Executive actions have been a motif of the Obama era – or at least, that’s how many Republicans see it – with him pushing the envelope on executive power with unilateral orders and agency policies that have allowed him to bypass a recalcitrant Congress.
According to PEW research, Obama has averaged fewer executive orders per year in office than any U.S. president in 120 years. But that fact hasn’t stopped President-elect Donald Trump from his rallying cry of repealing them all during his term in office.
Brandon Rottinghaus, professor at the University of Houston, says Trump’s threats could just be hyperbole.
“We tend to try to campaign in poetry but people govern in IKEA instructions,” he says. “There’s so many complex interconnected things that if you do it wrong it’s hard to make it right. And if you do it right the first time it’s hard to undo it. This is one of the problems of future presidents coming in trying to undo this kind of knotty, thorny mess of the interconnected rules.”
That could be part of Obama’s strategy in issuing executive orders, Rottinghaus says.
“There’s a defensive-offensive strategy here,” he says. “And that is to knot up so much of politics and the bureaucracy that it’s hard to undo it – and pulling one string like a poorly woven sweater’s not gonna get it done.”
Rottinghaus says it’s unlikely Trump will get rid of all of Obama’s executive actions, despite the president-elect’s promise to do so within his first 100 days in office. But both the Obama administration and Republicans have politicized some orders that Trump may have to act on them.
These include Obama upping the minimum wage, requiring sick leave and banning discrimination of LGBT people where federal contractors are concerned.
“These are all issues that have political and social implications and that run afoul of the Republicans and their generally conservative philosophy in terms of executive power but also specifically in terms of some of the economic issues,” Rottinghaus says.
But some of Obama’s executive actions in line with policies Trump campaigned on, so he may be less likely to move on them – orders like the one that established a White House Office of Urban Affairs or the White House Council on Women and Girls.
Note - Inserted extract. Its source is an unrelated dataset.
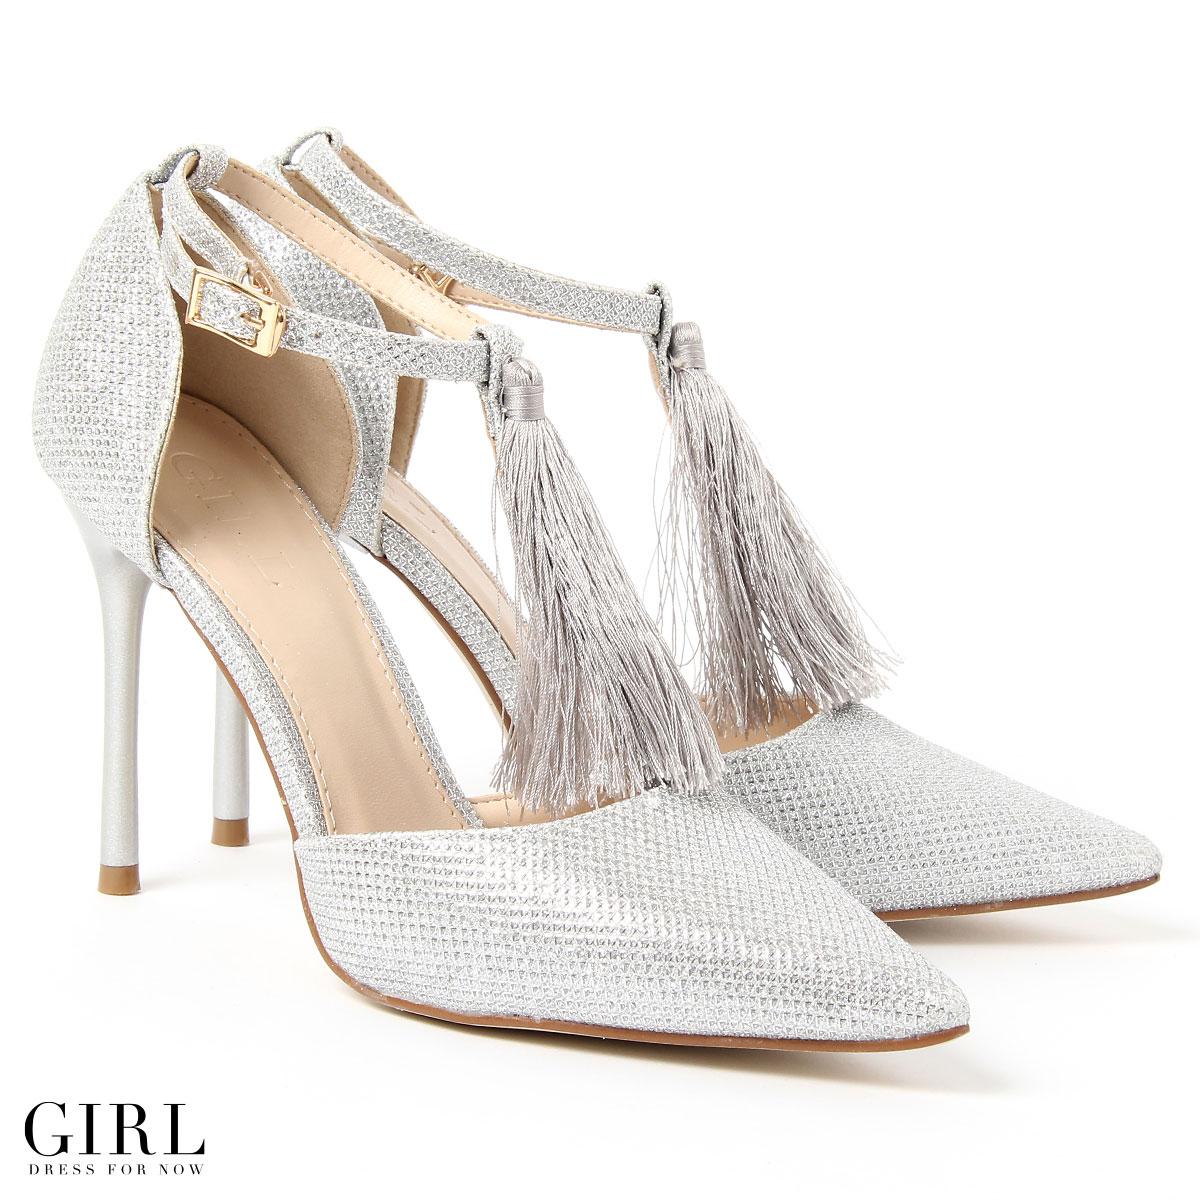 Dress shop GIRL   Rakuten Global Market: Pumps shoes ladies shoes ...

“The optics of eliminating those would be problematic,” Rottinghaus says. “There are some that would legitimately resonate positively with [President-elect] Trump’s agenda.”
Trump might especially keep orders that encourage jobs, Rottinghaus says.
“Ideologically there may not be a match, but certainly it’s the case that he would agree with the premise that we need more jobs,” he says.
Rottinghaus says it’s also unlikely Trump will use the power of executive action during his time in office since Congress is predominantly Republican.
“Most presidents don’t frankly use this as a lever of power, especially with the … majority of Congress where you can legislate, as opposed to acting unilaterally,” he says. “Acting with Congress is far superior for presidents because it establishes something more stable. You have better funding and you have more permanence.”